Characterization of CSPCs isolated from human, equine and bovine articular cartilage. a expression of stem-cell-related surface markers; b Properties of CSPCs and use for osteoarthritis (OA) management [41]
When OC(D) development induces the appearance of cartilage lesions, the stem / progenitor cells residing within the articular tissues (synovium for example), will begin to self-renew by an asymmetric division in order to initiate the formation of a pool of functional cells, which will regenerate and repair the damaged tissues [45]. Previous analysis of human OC articular cartilage has revealed the presence of CSPC cells expressing a number of markers specific to mesenchymal progenitor cells, including Stro-1, VCAM (CD166) and Notch-1; more interesting, tentative detection of the same cell type in healthy cartilage appeared to be negative. These observations therefore suggested that these progenitor cells may respond to recruitment stimuli from damaged cartilage, including dead tissue debris and chromosomal proteins [46]. Subsequently, several potential sources of MSC-like cells were explored, including mainly trabecular bone (epiphysis, metaphysis), bone marrow, periosteum, synovium, infrapatellar fat pad, synovial fluid, and skeletal muscle in the vital adult musculoskeletal system; and to a lesser extent, ligaments and tendons [47].
Furthermore, it has been reported that transcription factor 2 (Runx2) as well as the sex-determining region Y-box 9 (Sox9) play a crucial role in the processes of regulation and CSPCs cell mobilization. Therefore, Sox9 factor represents one of the fundamental elements regulating the synthesis of key components involved in the modeling of the cartilaginous matrix, in chondrocytes maturation and in the repression of chondral ossification process. On the other hand, Runx9 appears to be manly involved in regulating the development of osteoblasts and is therefore essential for bone development [48].
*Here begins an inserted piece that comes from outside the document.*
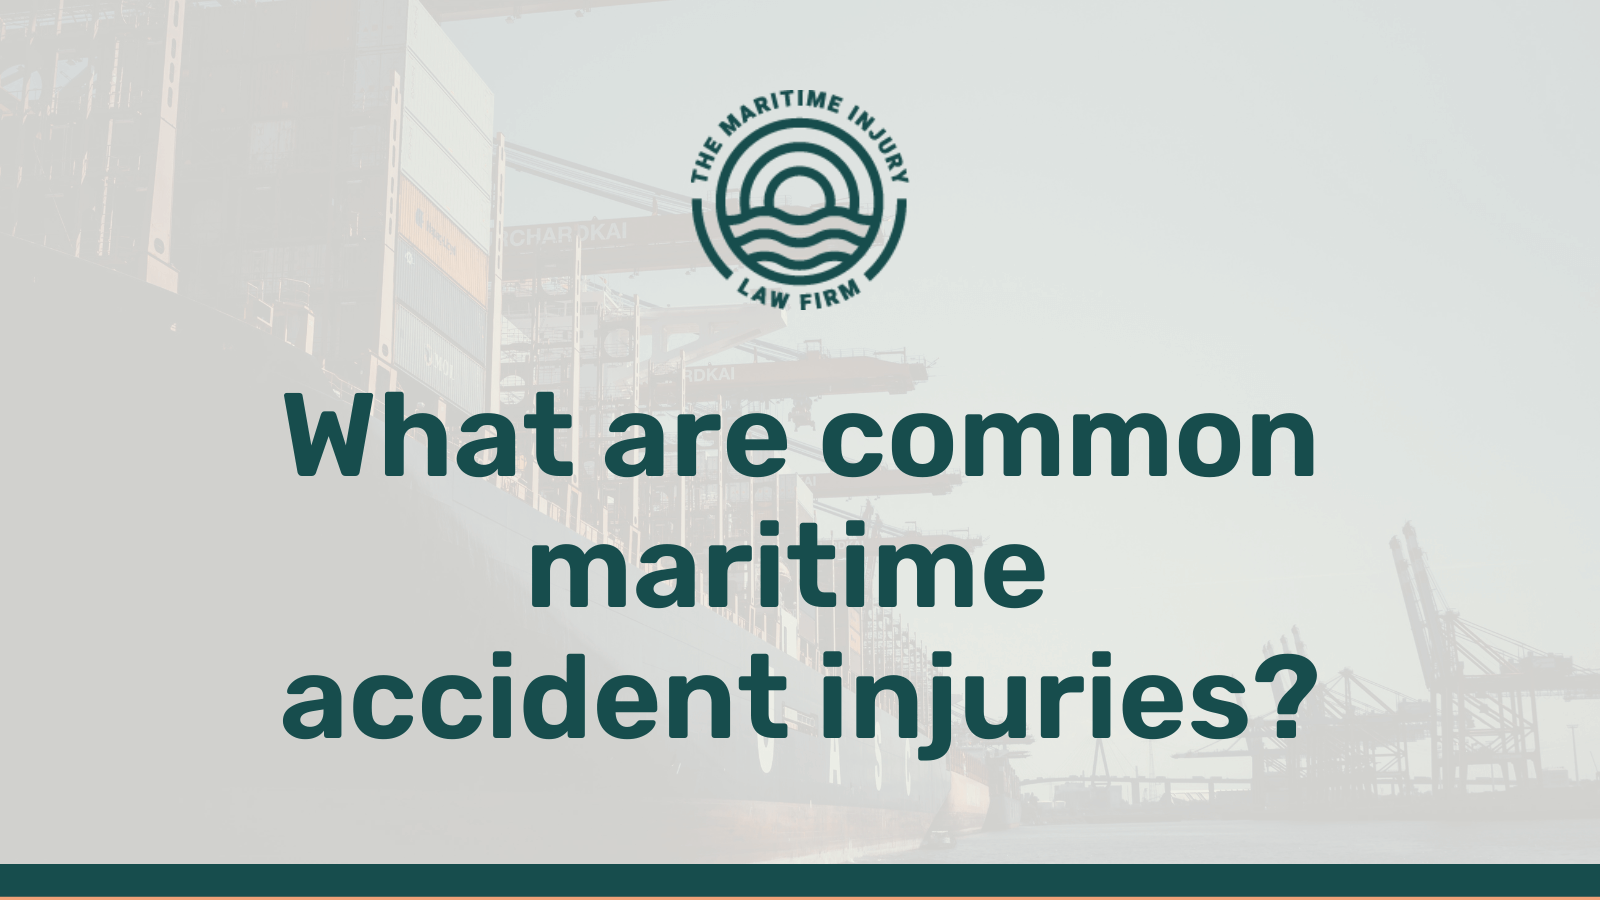 What are common maritime accident injuries - maritime injury law firm - George Vourvoulias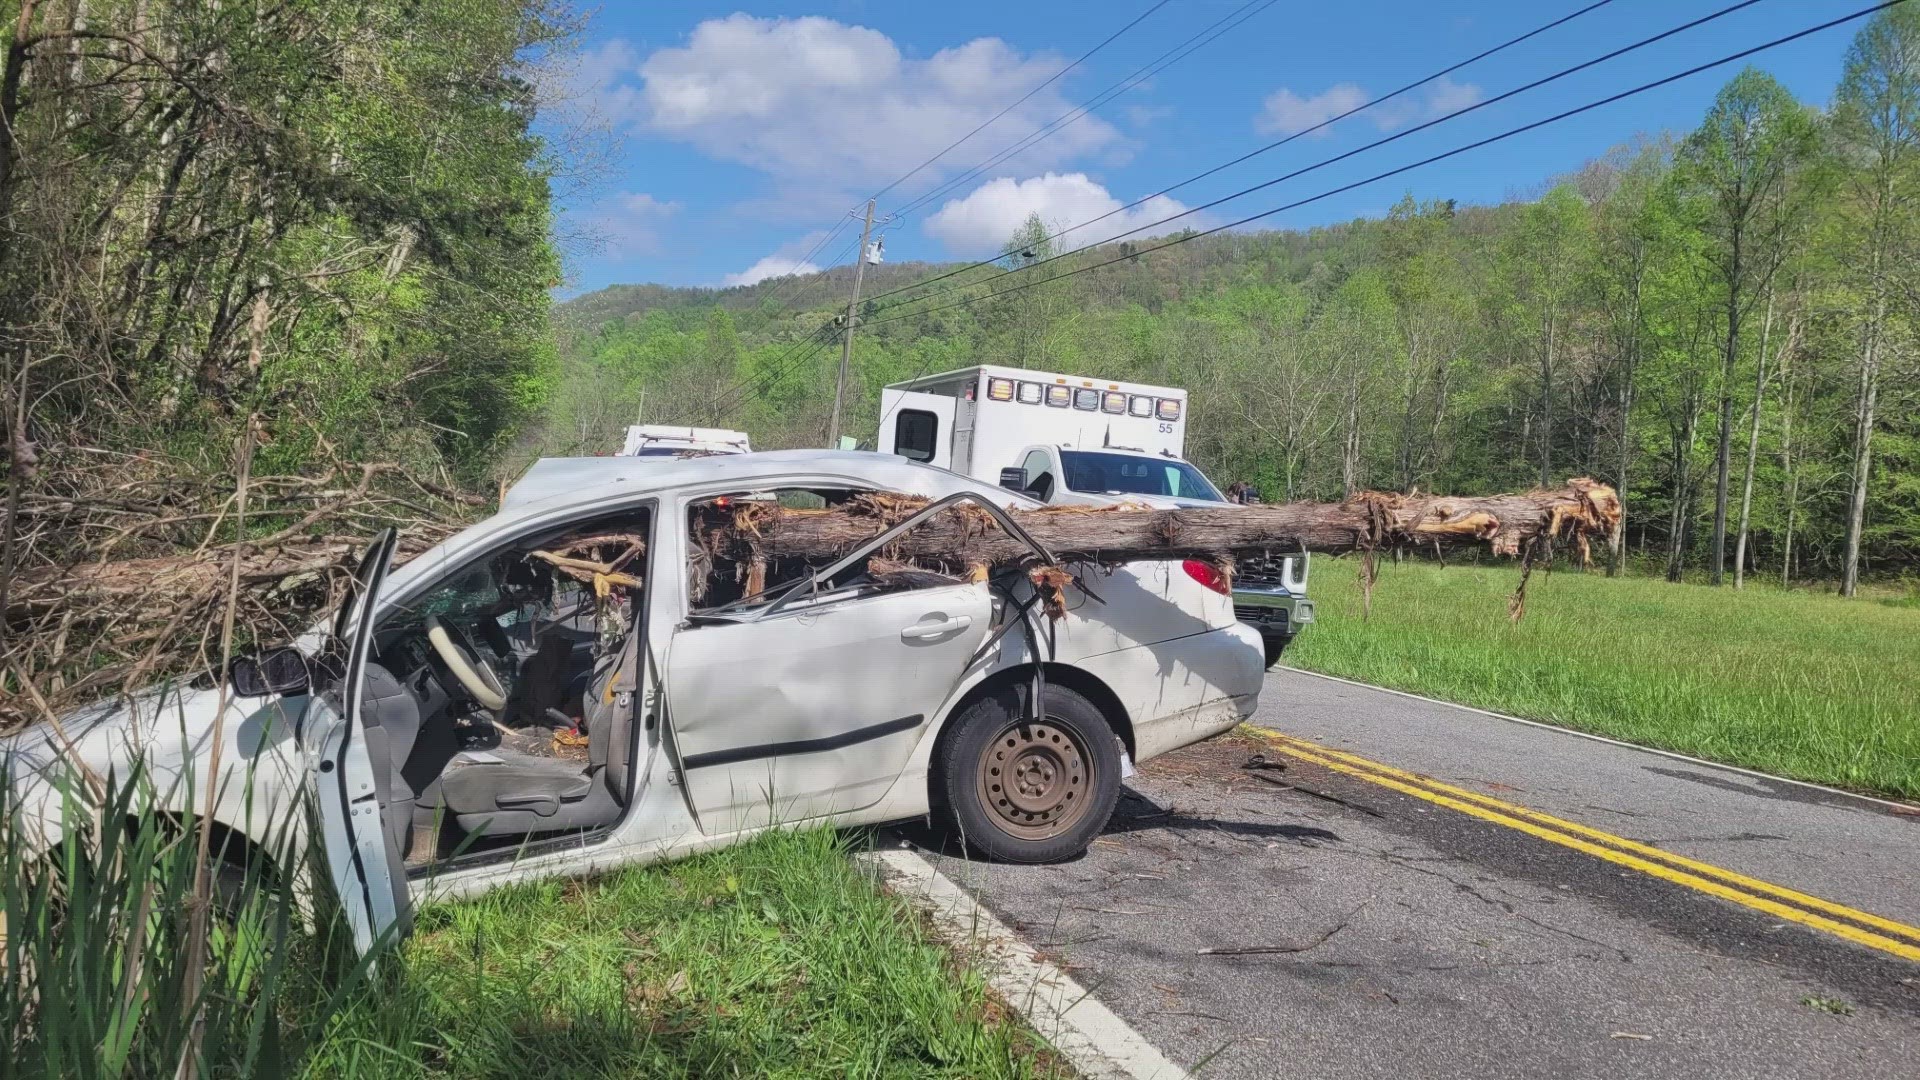 The South Greene Volunteer Fire Department said the vehicle left the roadway, striking a tree that went through the front windshield and out the back of the car.

Apart from the fact that MSCs are stromal-derived cells, the latter have shown a strong ability to synthesize and regulate the different proteins that constitute ECM, as well as matrix methotroproteinases. Indeed, when these progenitor cells evolve in a chondrogenic environment, the latter initiate a differentiation process and expression levels of chondro-specific proteins, aggrecan and cartilage oligomeric matrix protein (COMP), collagen II and X, increase significantly, this phenomenon thus suggests that it would be more advantageous to use already differentiated stem cells to increase the efficiency of cellular therapy [49]. Recent advances in regenerative medicine have made MSC cells perfect candidates for the treatment of cartilage and bone diseases. Thus, lack of immunologically co-stimulatory cell-surface proteins expression and low expression of the major histocompatibility complex (MHC) II make these cells poorly immunogenic; and confer to them immunosuppressive and immunomodulatory properties, opening up great prospects in allogeneic MSC transplants [35].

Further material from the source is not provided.